§ Collected material
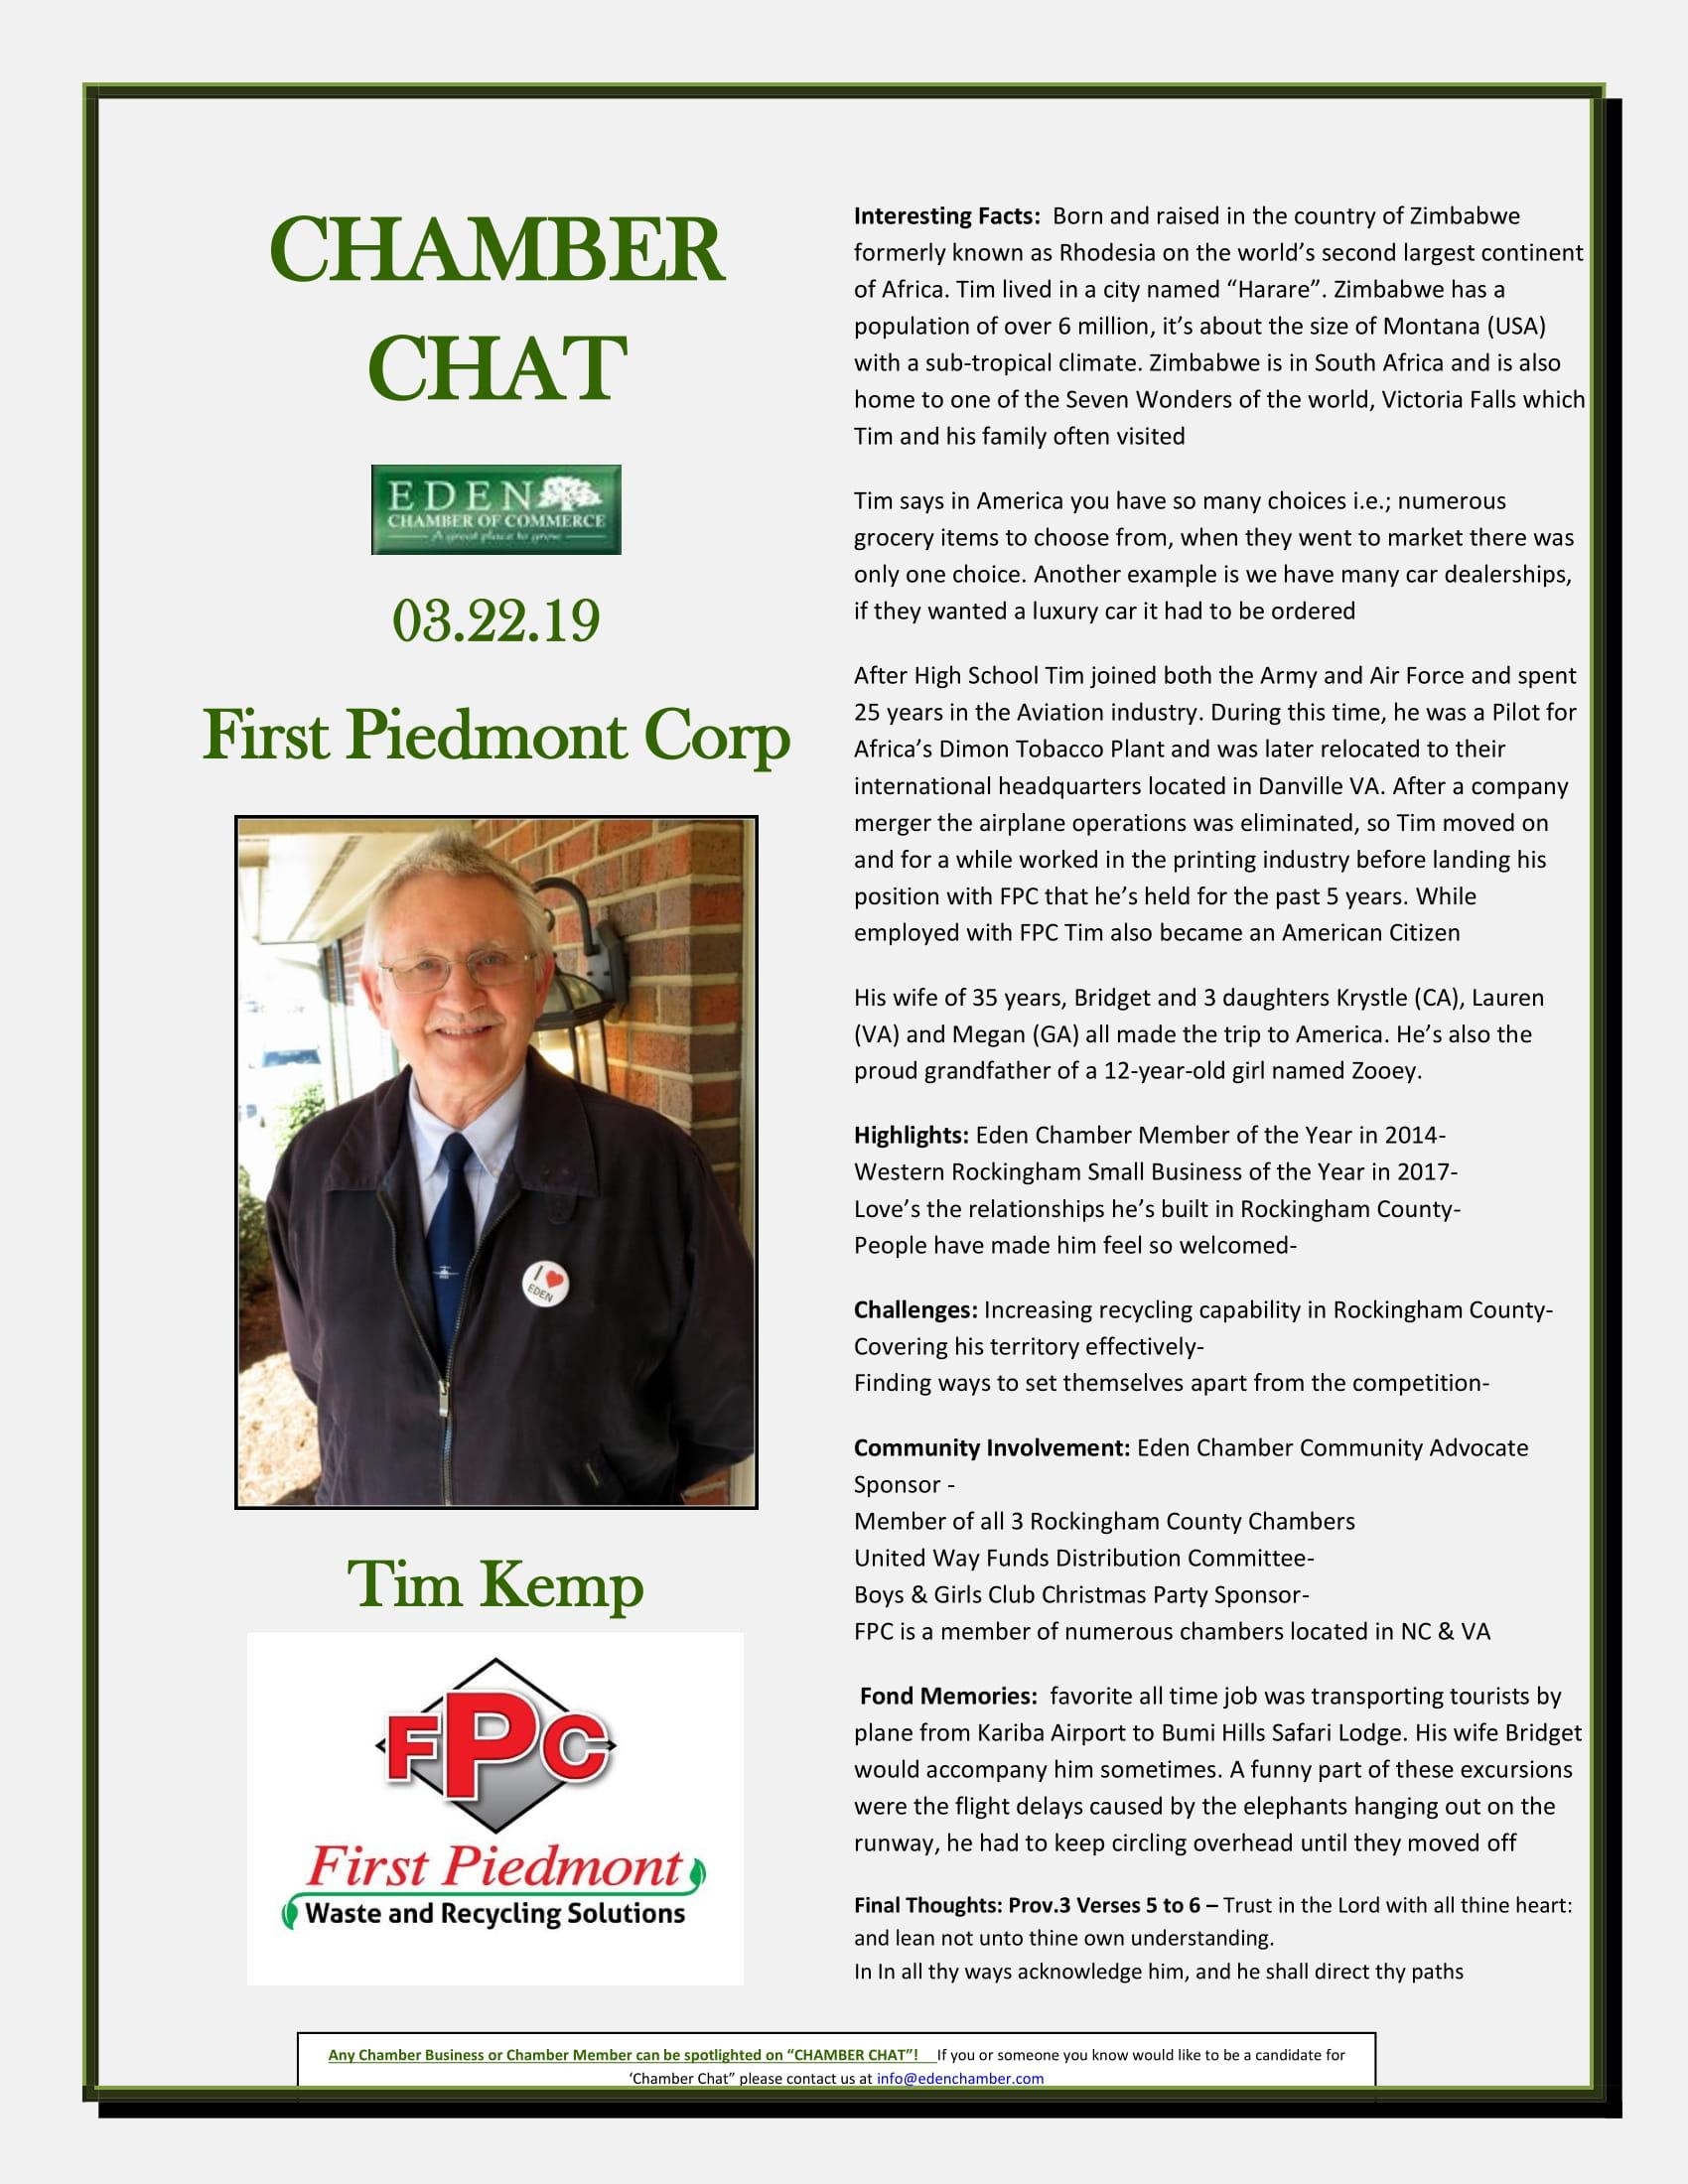 CHAMBER-CHAT-Tim-Kemp--FPC-1
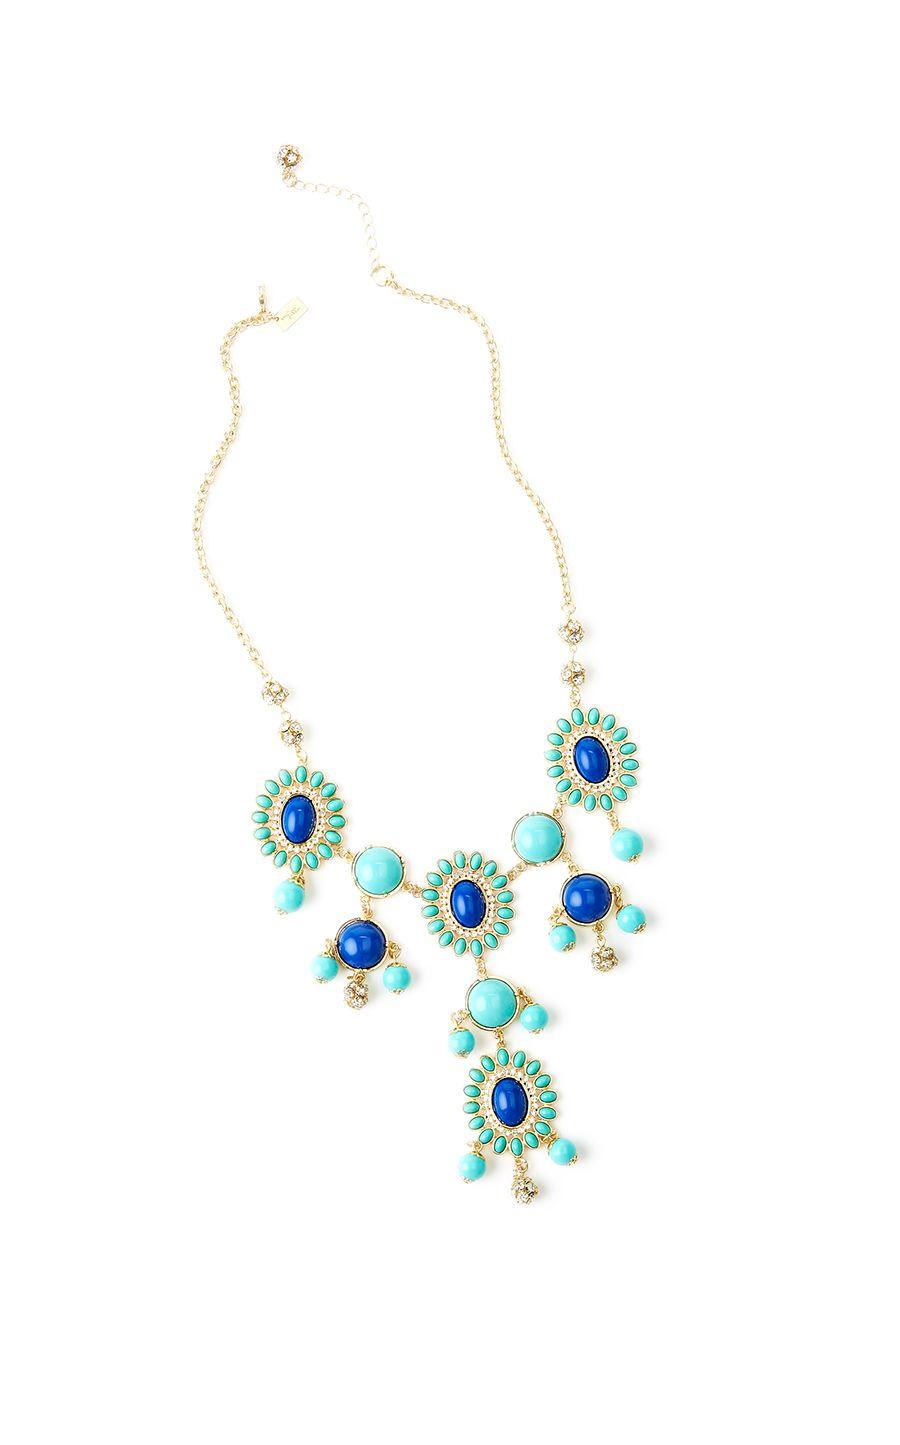 Dew Drop Necklace in Sapphire Blue
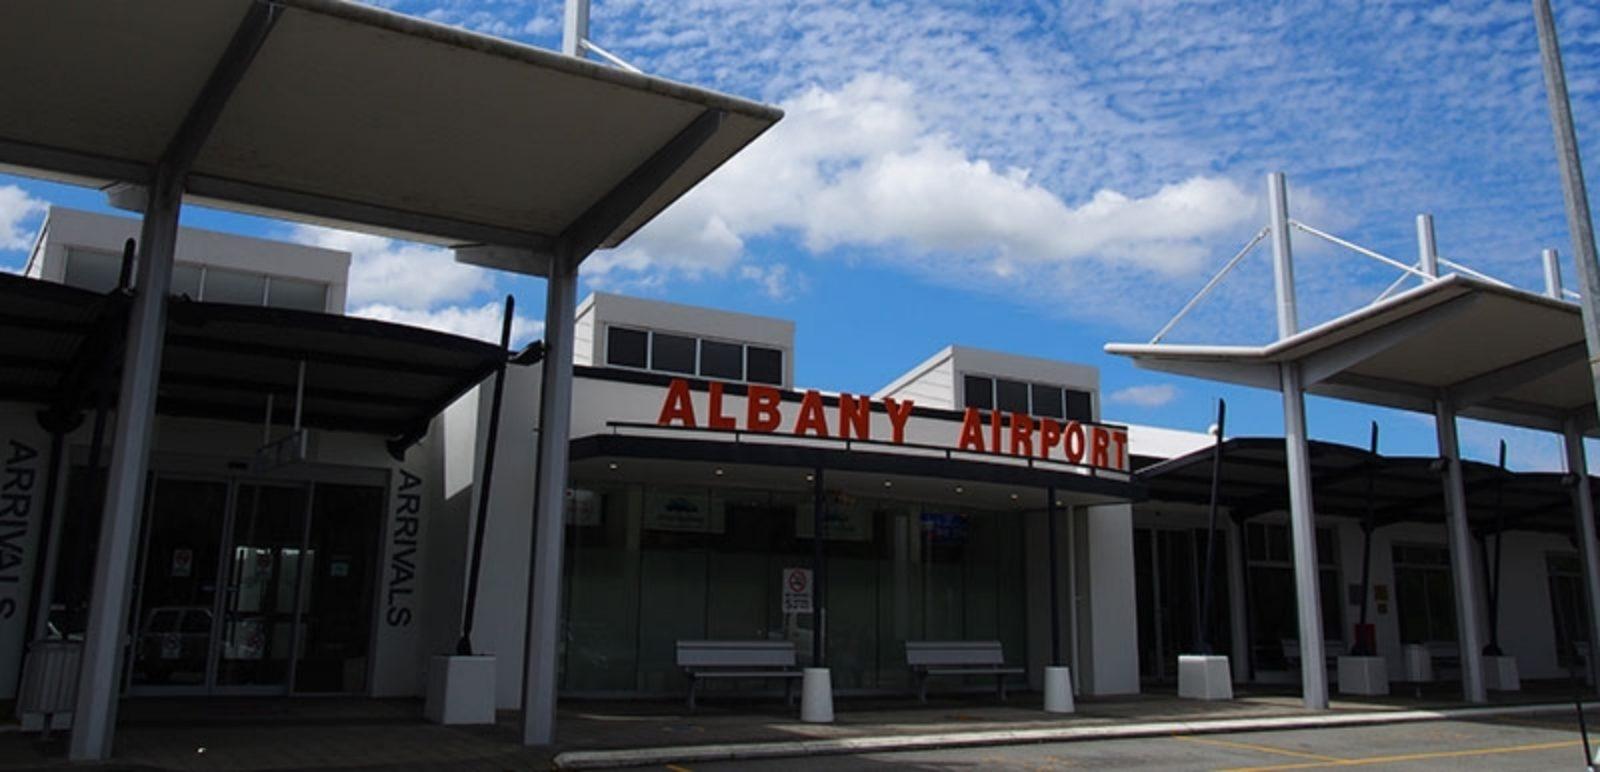 Albany Regional Airport, Albany, Western Australia

§ Task to complete
When you find the line that contains "Dew Drop Necklace in Sapphire Blue", retype it and every line after it through the end of the data above, exactly, with no pictures.

§ Solved exercise
 Dew Drop Necklace in Sapphire Blue
 Albany Regional Airport, Albany, Western Australia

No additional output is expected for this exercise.